Polres Bengkalis tangkap pembakar lahan 35 hektare di kawasan hutan

Polres Bengkalis Tangkap Pelaku Pembakar Lahan 35 Hektare di Kawasan Hutan

Kapolres Bengkalis, Ajun Komisaris Besar Polisi Fahrian Saleh Siregar, mengungkap kasus pembakaran lahan yang mencakup 35 hektare di wilayah Kecamatan Rupat Utara. Menurutnya, penangkapan terhadap pelaku dilakukan setelah panas di lokasi terdeteksi pada 11 Maret 2026 di Dusun Hutan Samak, Desa Titik Akar.

Personel Polsek Rupat Utara bersama warga segera datang ke lokasi untuk upaya memadamkan api dan mencegah penyebarannya. Setelah penyelidikan, saksi, barang bukti, serta analisis dari ahli lingkungan memperkuat bahwa pelaku berinisial PH menjadi tersangka.

“Dari hasil penyelidikan, serta keterangan saksi-saksi, barang bukti, dan analisis ahli lingkungan, penyidik menetapkan satu orang tersangka,” ujar Fahrian.

Lokasi kebakaran berada di kawasan Hutan Produksi yang dapat dikonversi (HPK). Setelah koordinasi dengan Balai Pemantapan Kawasan Hutan (BPKH), terungkap bahwa lahan tersebut termasuk dalam kawasan hutan negara. Tersangka tidak dapat menunjukkan dokumen kepemilikan resmi, sehingga diduga melakukan penyelewengan lahan milik negara.

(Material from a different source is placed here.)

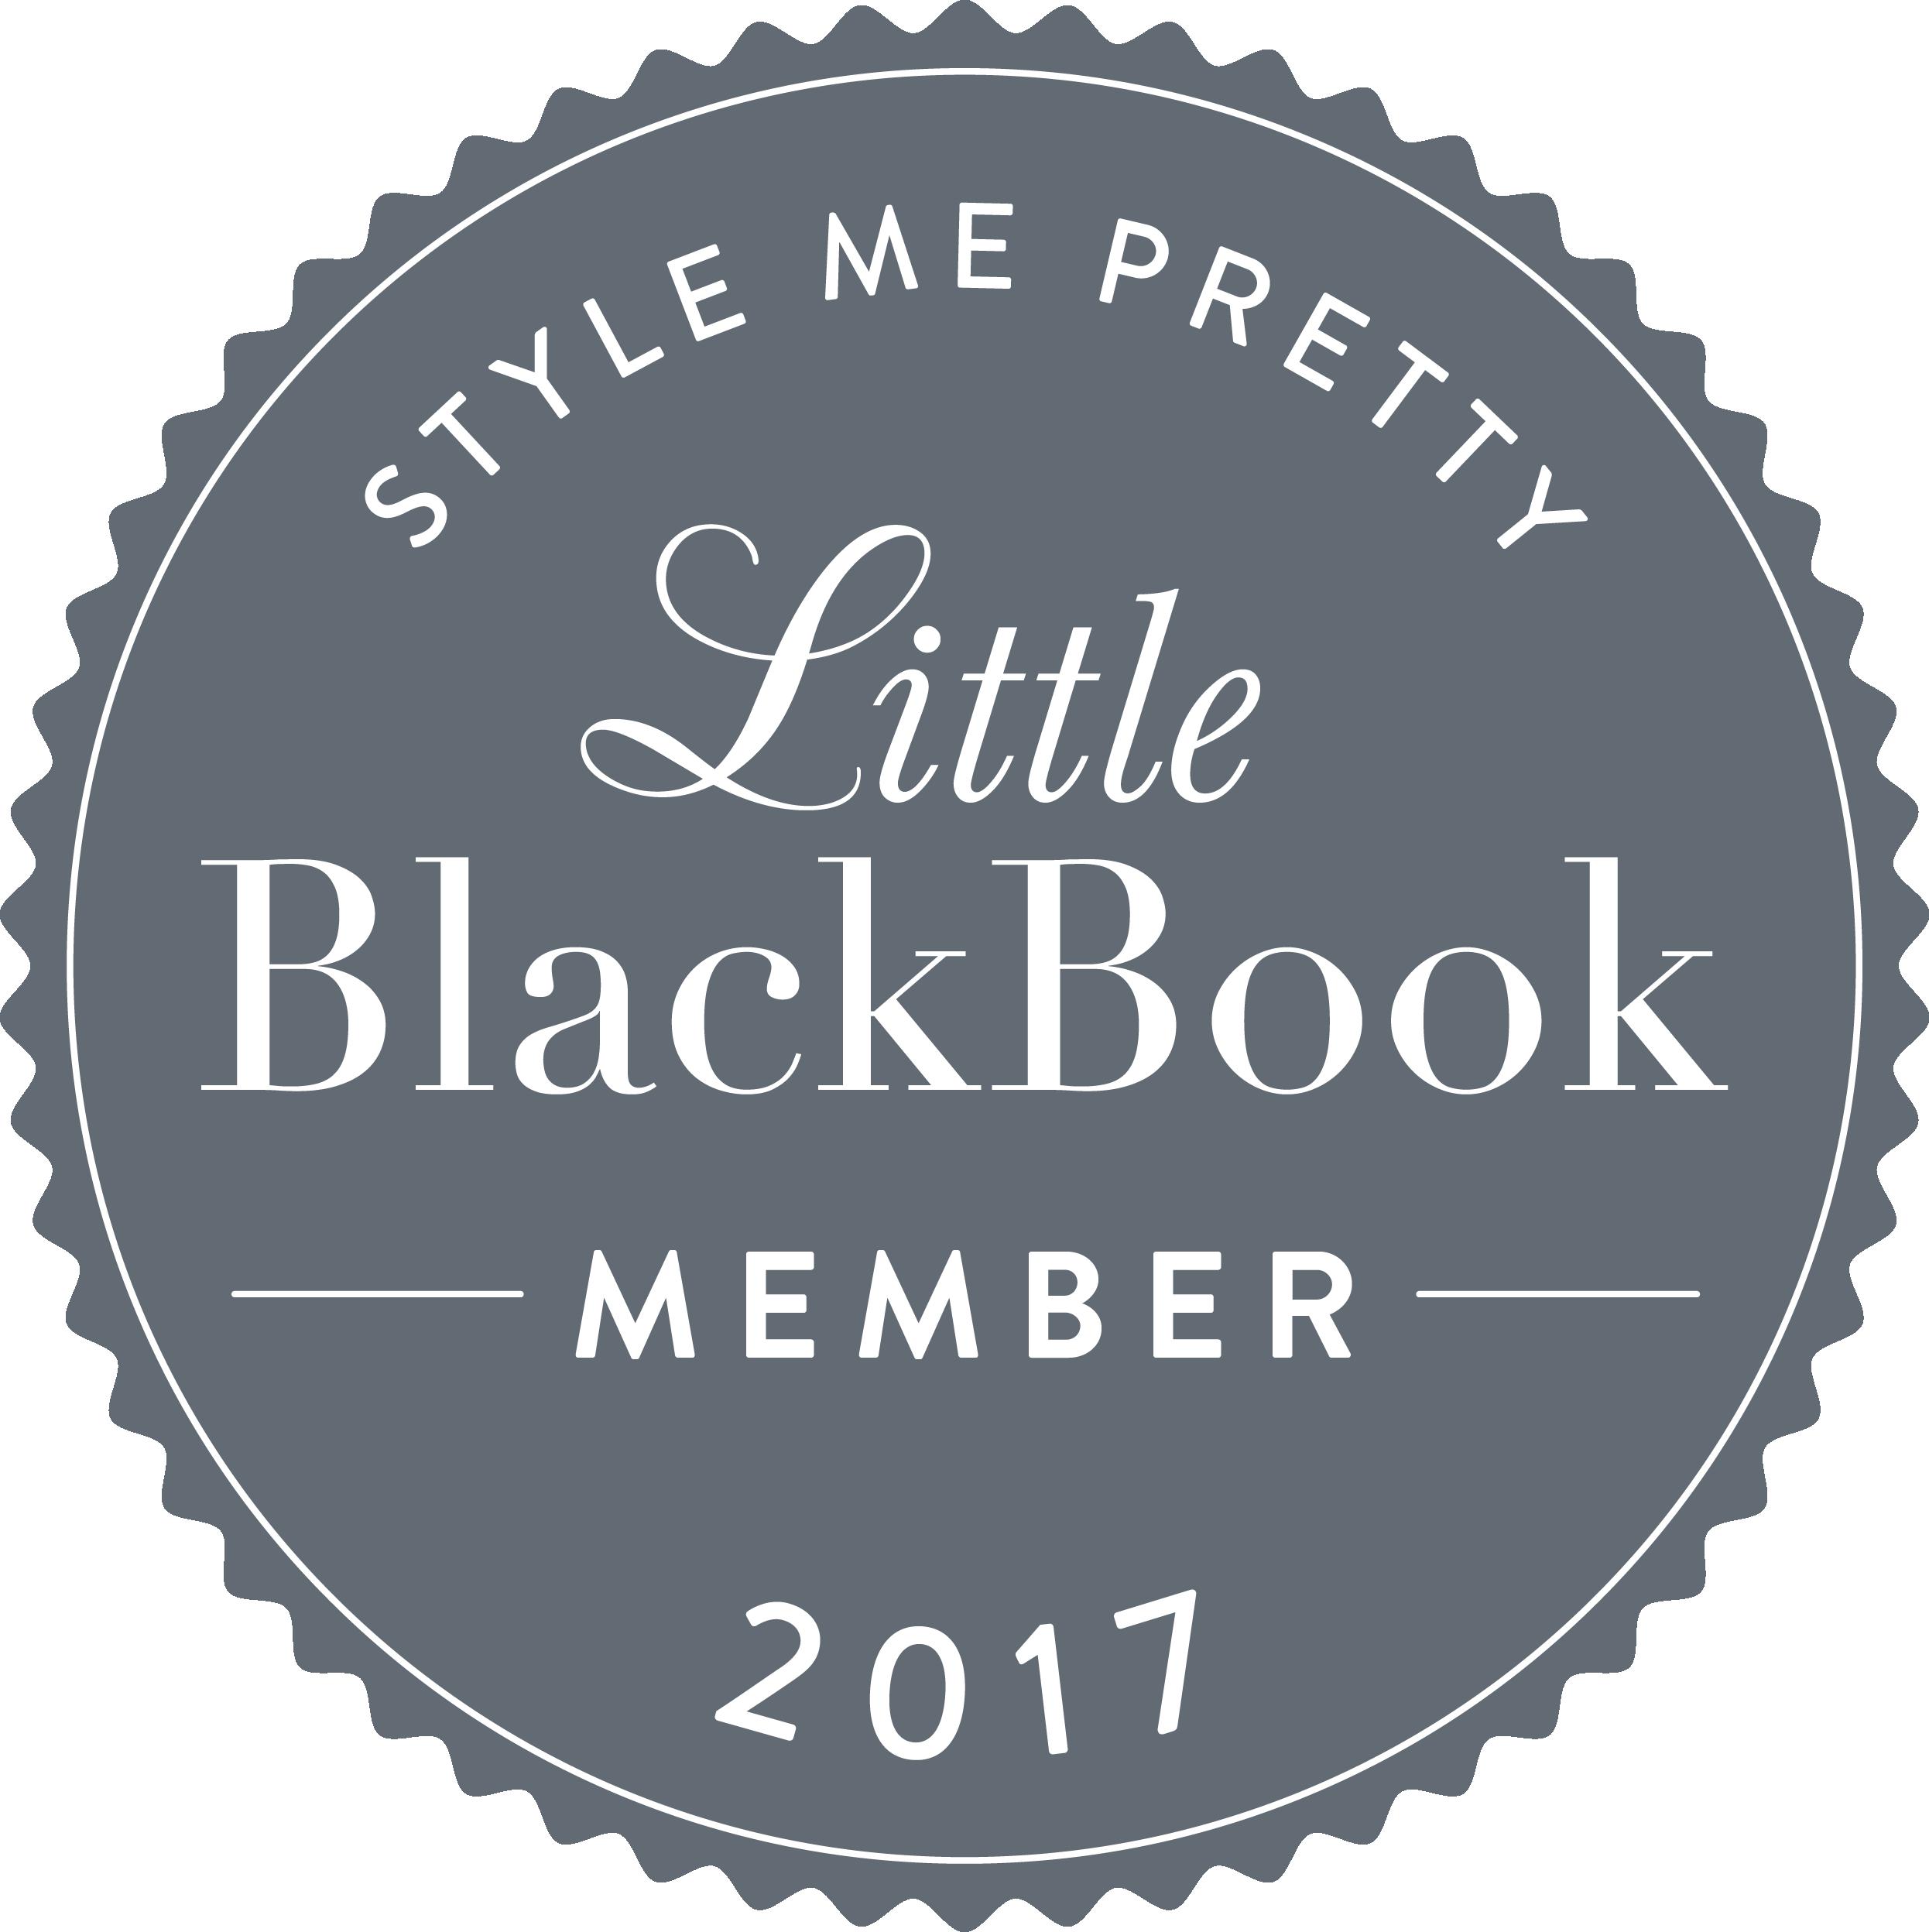 lbb_as-seen_black_2017.png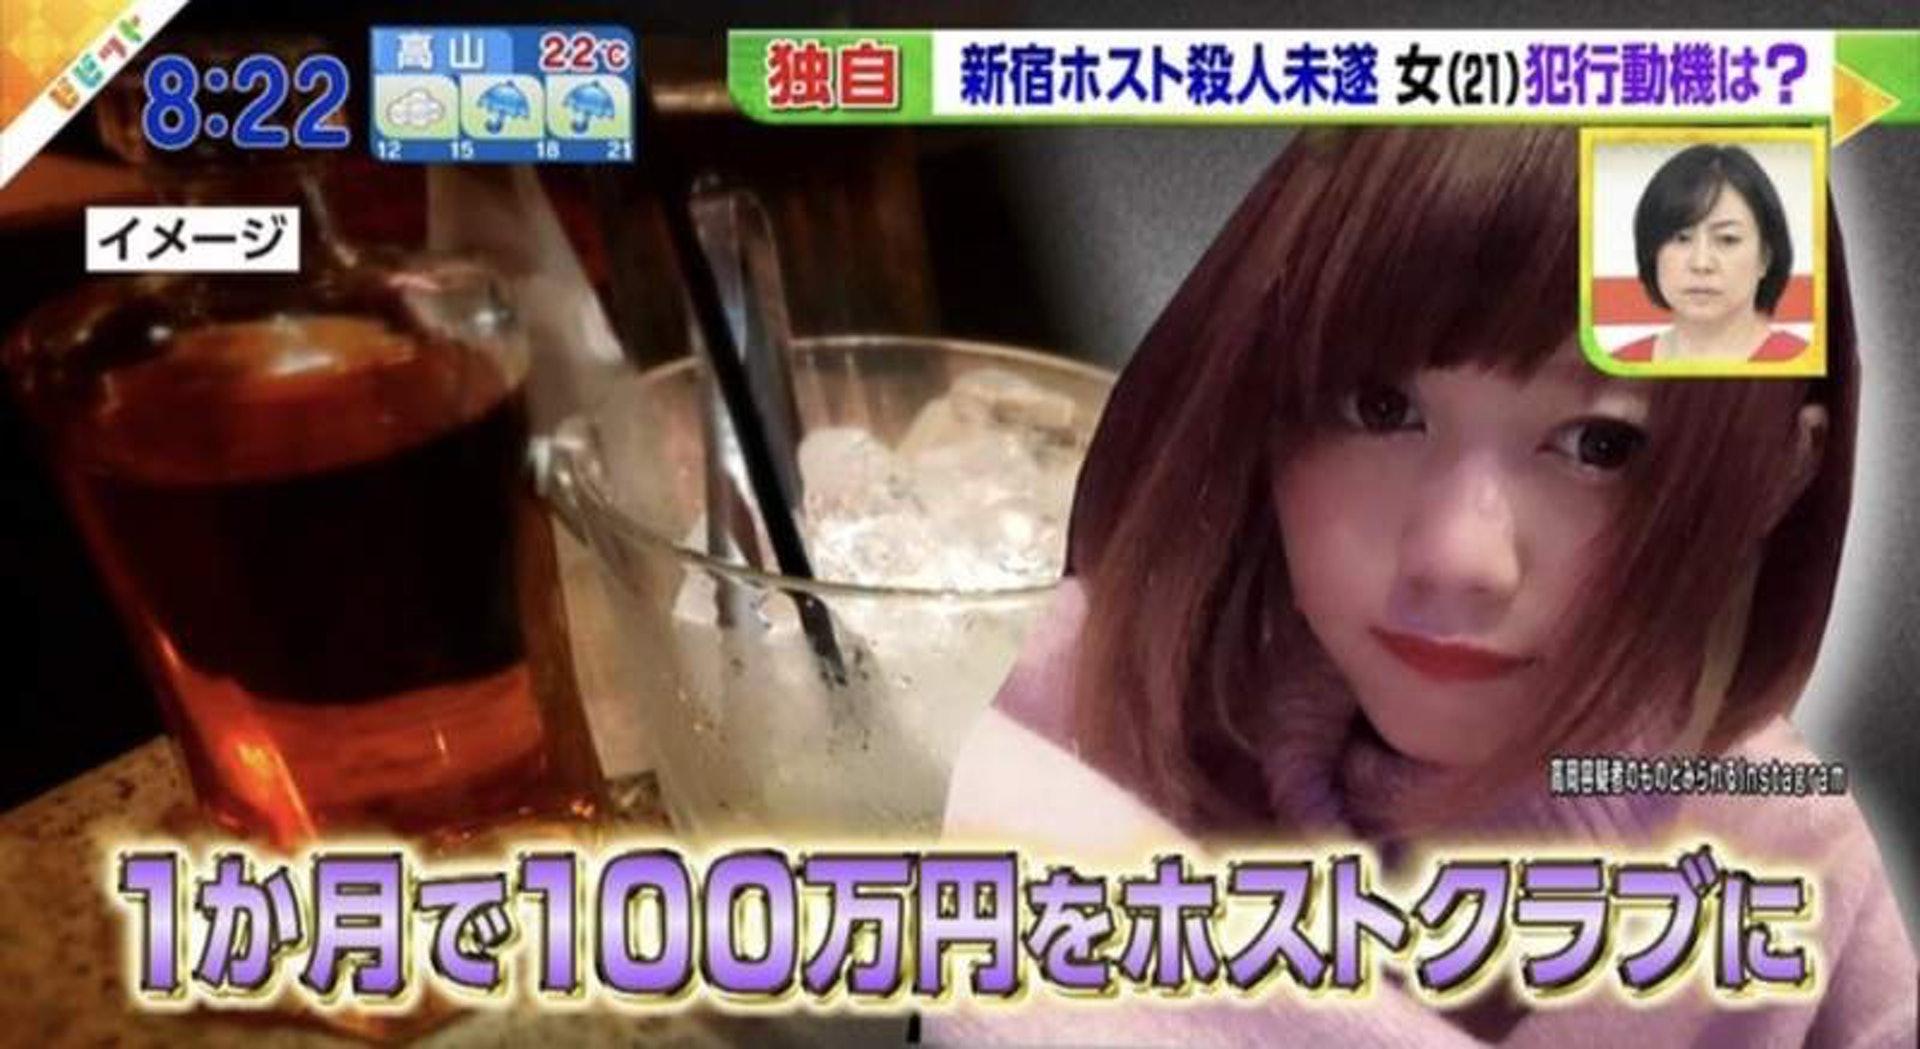 高岡由佳因被逮捕時詭異的微笑,以及可愛的長相,引發網上熱烈討論。(網上圖片)

Sebelum insiden, saksi melihat tersangka sering muncul di area lahan yang sebagian sudah ditanami kelapa sawit. Luas area yang terbakar diprediksi sekitar 35 hektare. Titik awal api juga dikaitkan dengan wilayah yang dikuasai tersangka, diperkuat oleh keterangan saksi dan analisis citra satelit oleh Prof. Bambang Hero Saharjo.

Setelah kebakaran, tersangka tercatat tidak berada di lokasi dan meninggalkan wilayah Rupat Utara selama dua hingga dua setengah minggu. Petugas juga menemukan bukti-bukti pembakaran, termasuk sisa api, yang memperkuat keterlibatan pelaku. Barang bukti yang diamankan meliputi sampel tanah terbakar dan pelepah sawit yang hangus, dengan jenis tanah yang terbakar merupakan tanah mineral.

Kasus ini menjerat tersangka dengan beberapa pasal tentang kehutanan dan perlindungan lingkungan. Saat ini, penyidik masih menyusun berkas perkara, berkoordinasi dengan jaksa penuntut umum, serta memeriksa saksi ahli untuk proses hukum lanjutan. Kapolres mengimbau masyarakat agar tidak menggunakan cara membakar untuk membuka lahan, mengingat dampaknya yang serius terhadap lingkungan dan kesehatan.